» **INFORMATION SUPPLIED**:

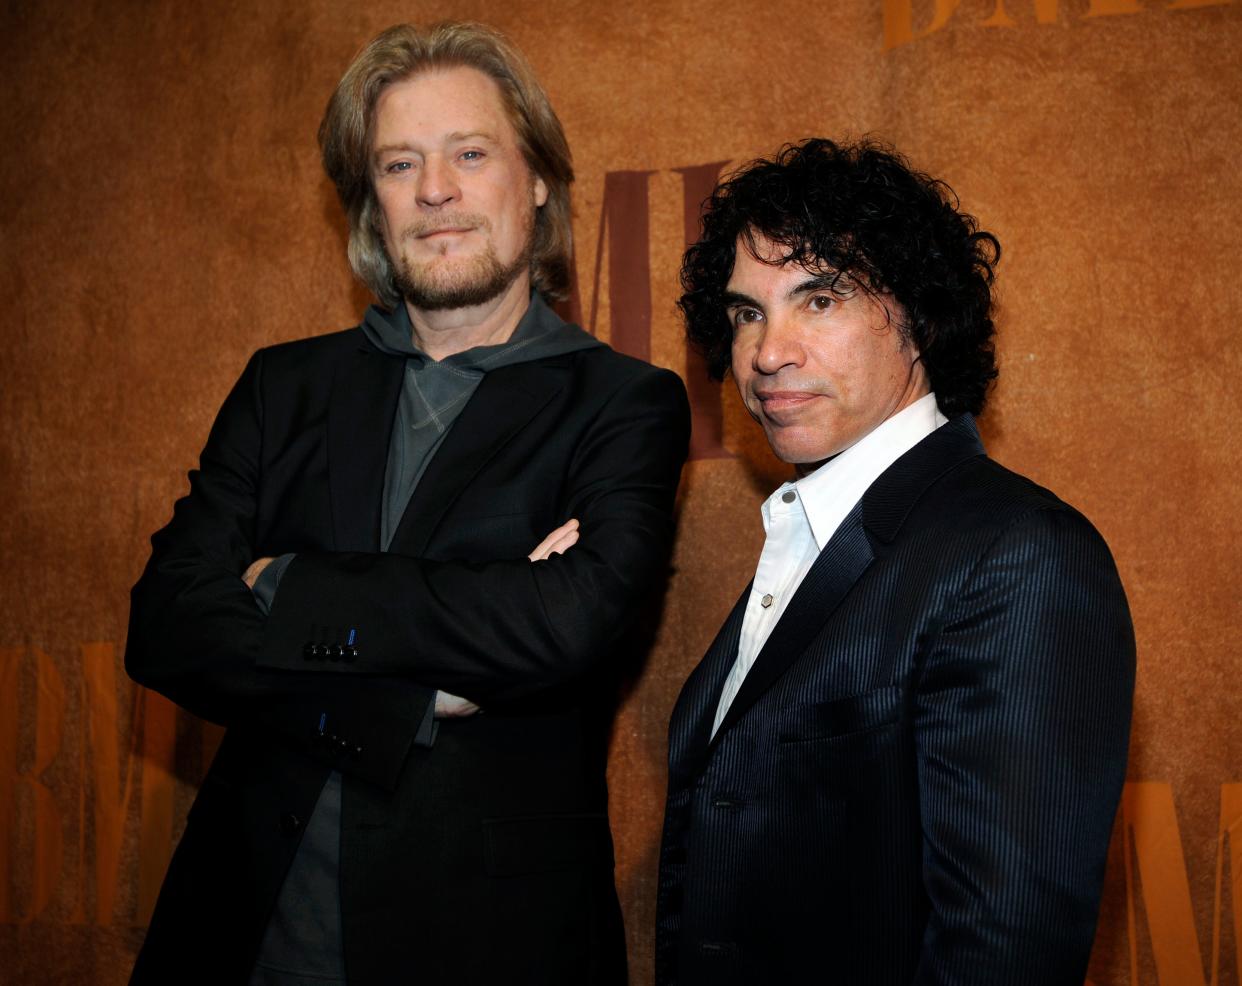 Daryl Hall, left, and John Oates pictured together in Beverly Hills, Calif., in 2008.
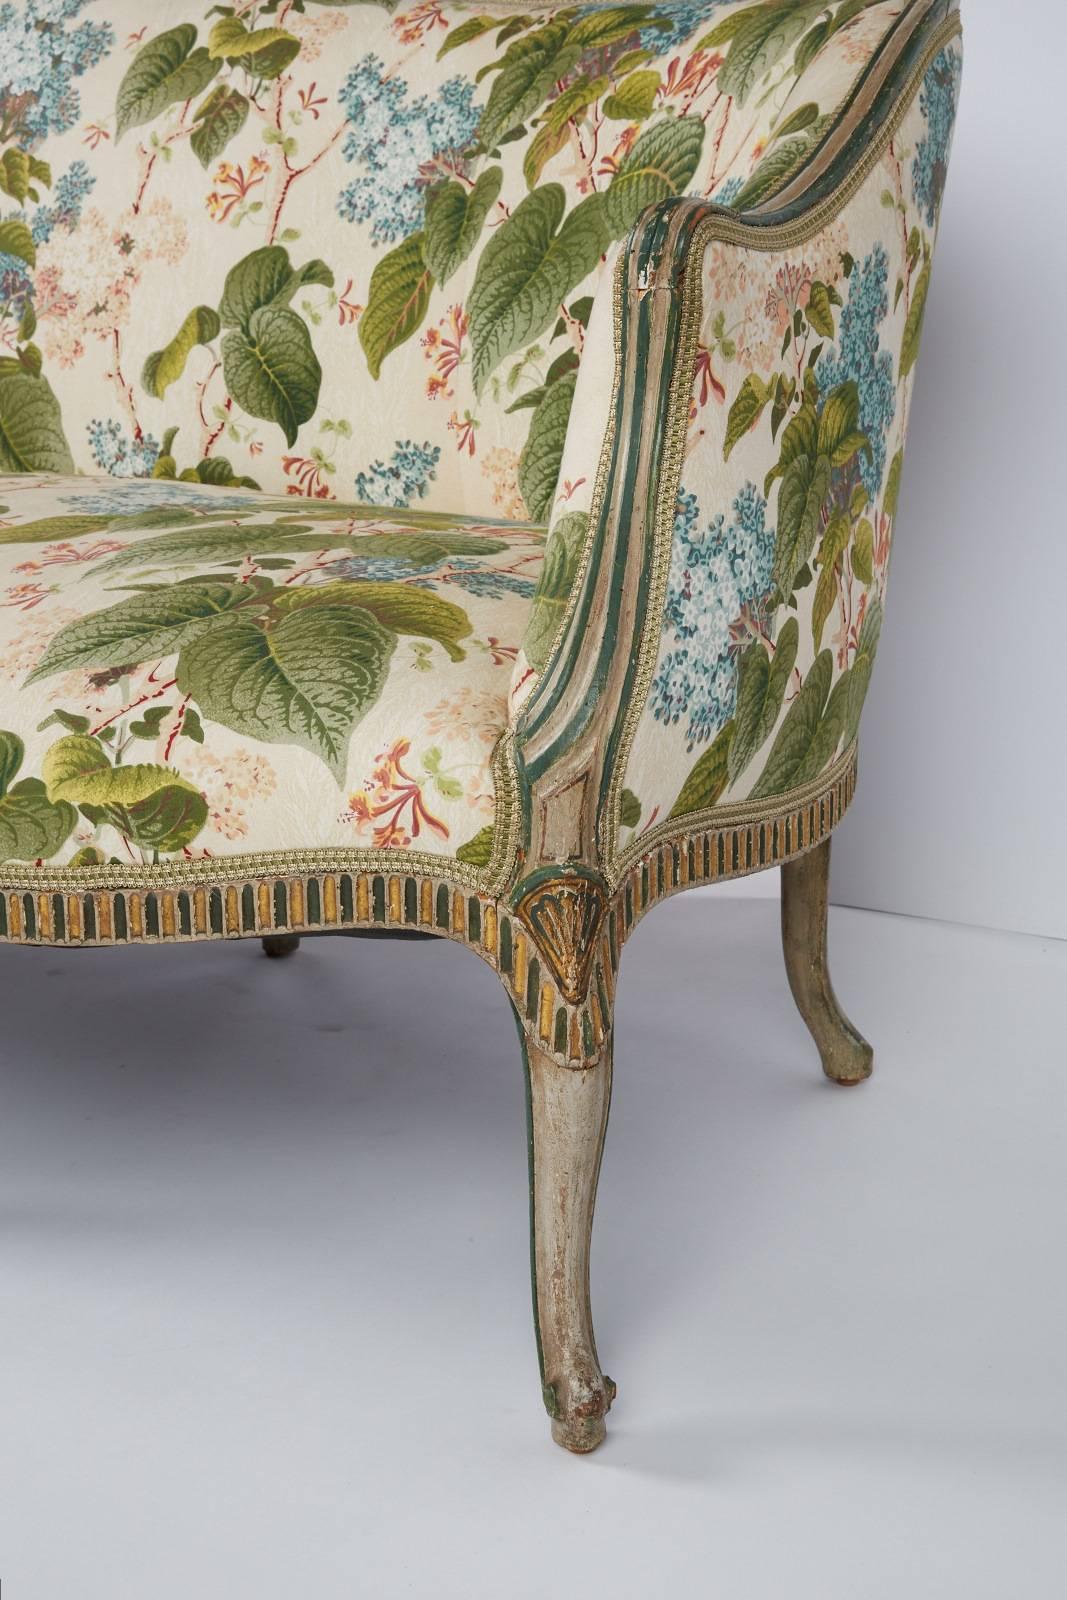 A beautiful George III grey and green painted settee with gilt detailing. This piece is currently upholstered in muslin, not the fabric shown in the photos,
circa early 18th century.
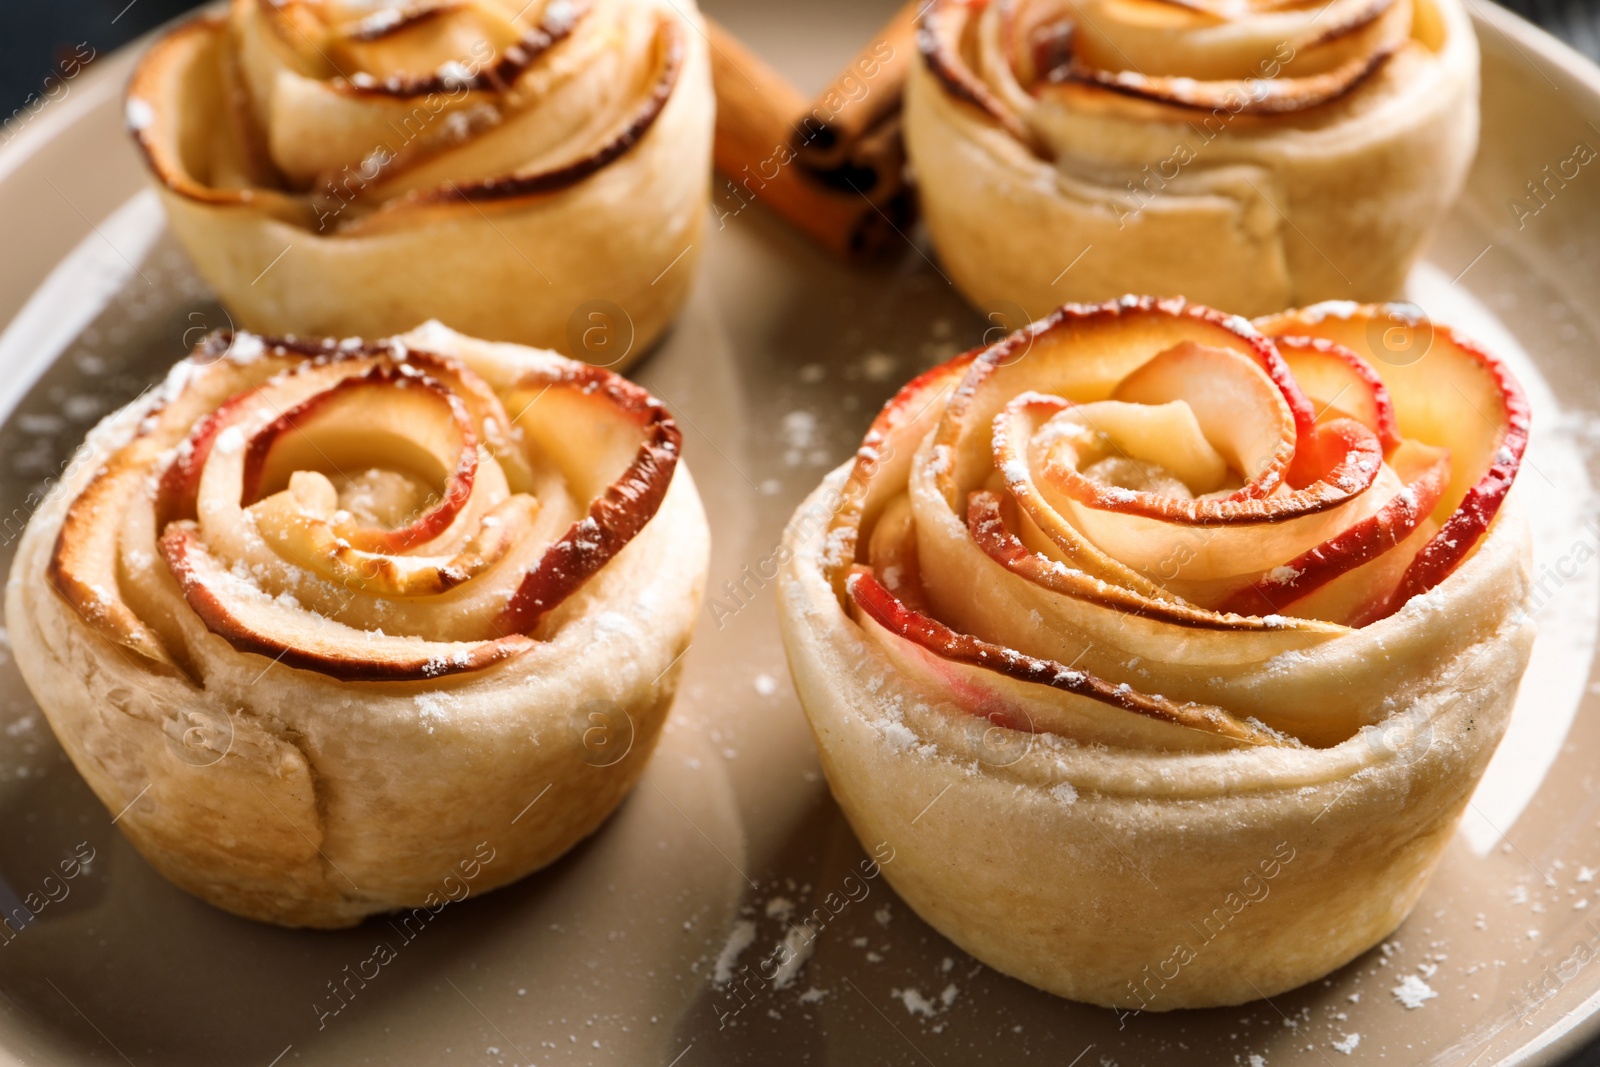 Photo of Freshly baked apple roses on plate, closeup. Beautiful dessert

» **AIM OF THE EXERCISE**:
Every line from the one containing "A beautiful George" through the end of the listing is to be copied exactly; the pictures are not.

» **EXERCISE OUTPUT**:
 A beautiful George III grey and green painted settee with gilt detailing. This piece is currently upholstered in muslin, not the fabric shown in the photos,
circa early 18th century.
 Photo of Freshly baked apple roses on plate, closeup. Beautiful dessert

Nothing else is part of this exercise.